I’ve also been suggesting some fonts for a hiphop project we did (we’ve got a large Dr. Dre poster set in Eagle on the wall), as well as other stuff they create, but they tend to choose Comic Sans when ever possible.
30.Nov.2007 10.47am
Back to the top:
Could they be perhaps guest lecturers instead?
I like this idea so much I might just try it here in my hometown. I think if you gave me just one hour with a group of high school students, I could give them a very valuable Design Fundamentals or Type 101 lecture with slides that would, at the very least, encourage the one or two kids who are interested to learn more. (Surely lots of us could that, but it probably doesn’t pay very well, so it’d have to be thought of more as a civic duty or public service.) Baby steps is a good way to start.
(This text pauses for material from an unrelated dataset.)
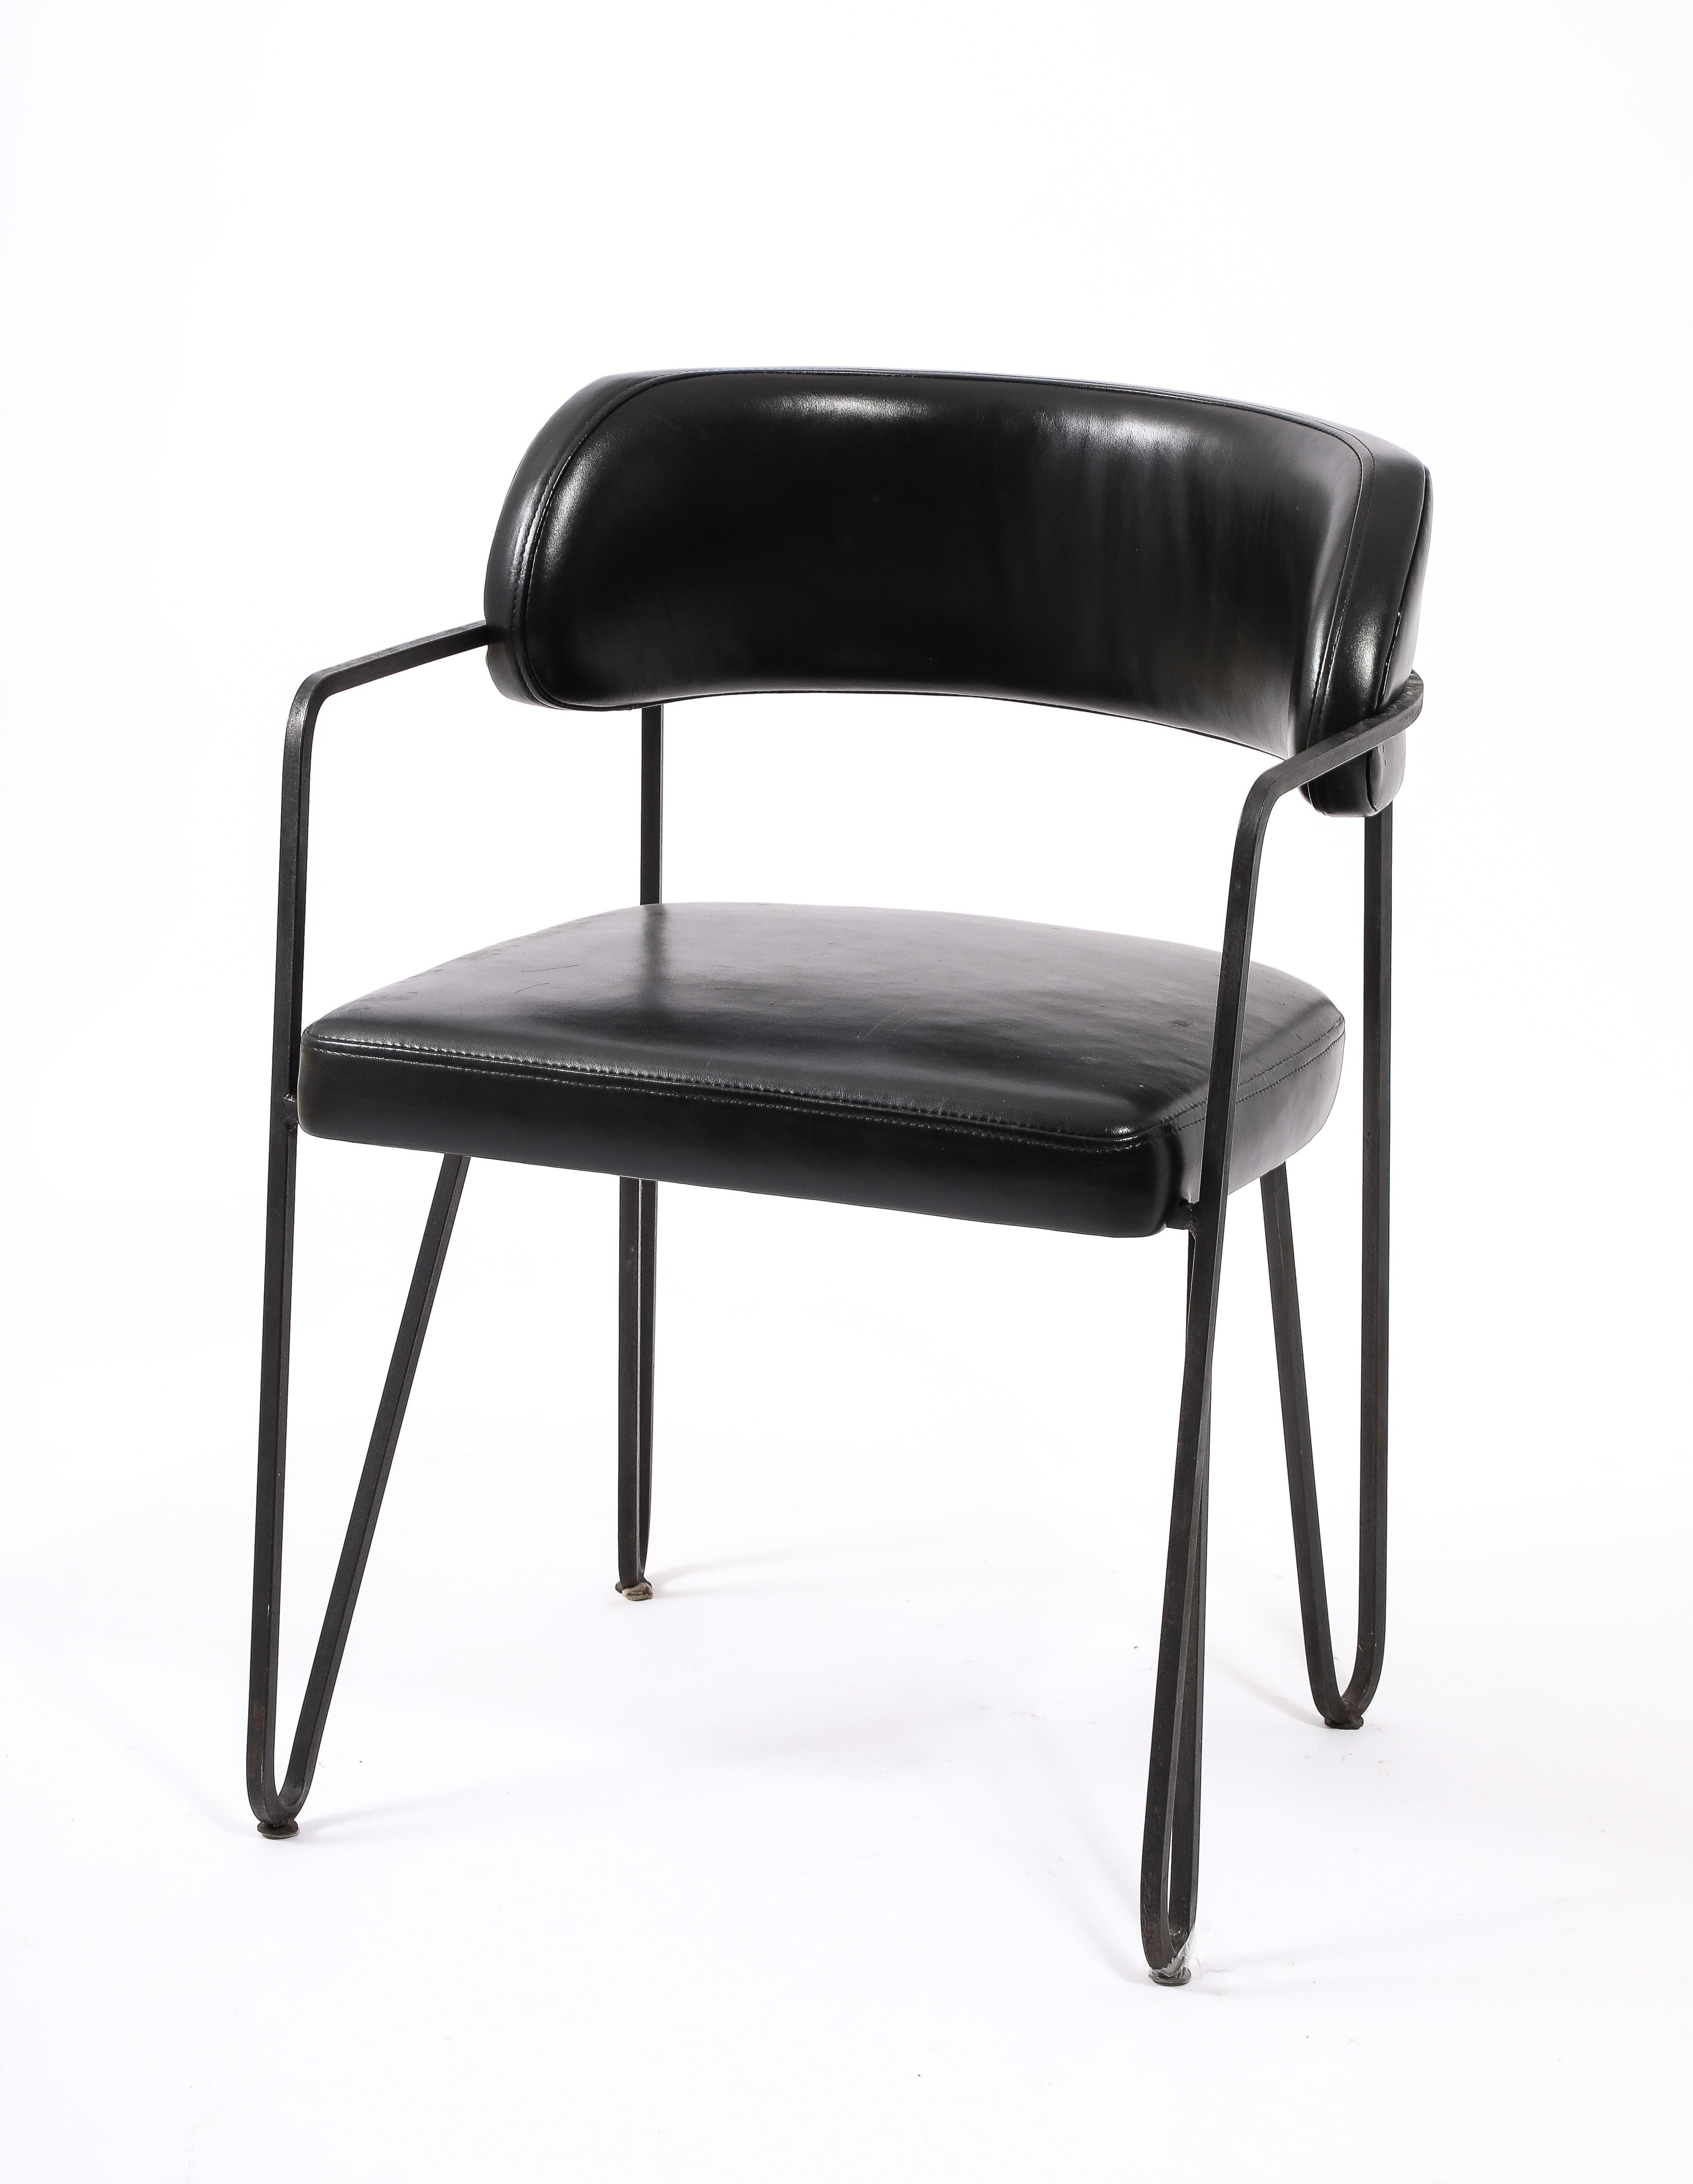 Mid-Century Modern Square Wrought Iron Chairs in the Manner of Quinet, France 1960's For Sale

We must “be the change we wish to see in the world.” That’s the hard part.
30.Nov.2007 11.00am
“I think if you gave me just one hour with a group of high school students, I could give them a very valuable Design Fundamentals or Type 101 lecture with slides that would, at the very least, encourage the one or two kids who are interested to learn more.”
Great! Let us please know what was the response.
“That’s the hard part.”
Someone has to be the first typovangelist :-)
30.Nov.2007 12.49pm
My 6 year old (1st grade) likely has ADD (I was diagnosed as an adult and it’s fairly clear he’s got some of the same challenges I had).
He’s currently in gifted program that seems mainly focused on the 3 Rs, which is a bit frustrating (for him and us), as I find that to not be very balanced curriculum (that and us ADD folks really prefer the hands-on courses).
Anyways, long story short...he has a lot of trouble with handwriting, as it takes a lot of focus and it frustrates him. However, he absolutely loves the computer and typing on it. The other day he was in KidPix and began typing a letter to me. He’d then choose a different font, print it out, and give it to me and ask me if I could read it. He was impressed that I could read blackletter (some dads fix cars to impress their kids, I guess I read blackletter and know fonts ;o). He finally stumped me with WingDings.
It didn’t occur to me until this thread, but I have done nothing formal with him in terms of talking about graphic design and typography. He simply discovered fonts on the computer on his own and noticed that they are all different.
So clearly a child even in first grade could benefit a bit from some simple education on things like letterforms.
After all, they are learning handwriting alongside of computer typesetting these days. Typography also has great tie-ins to languages, cultures and history as well.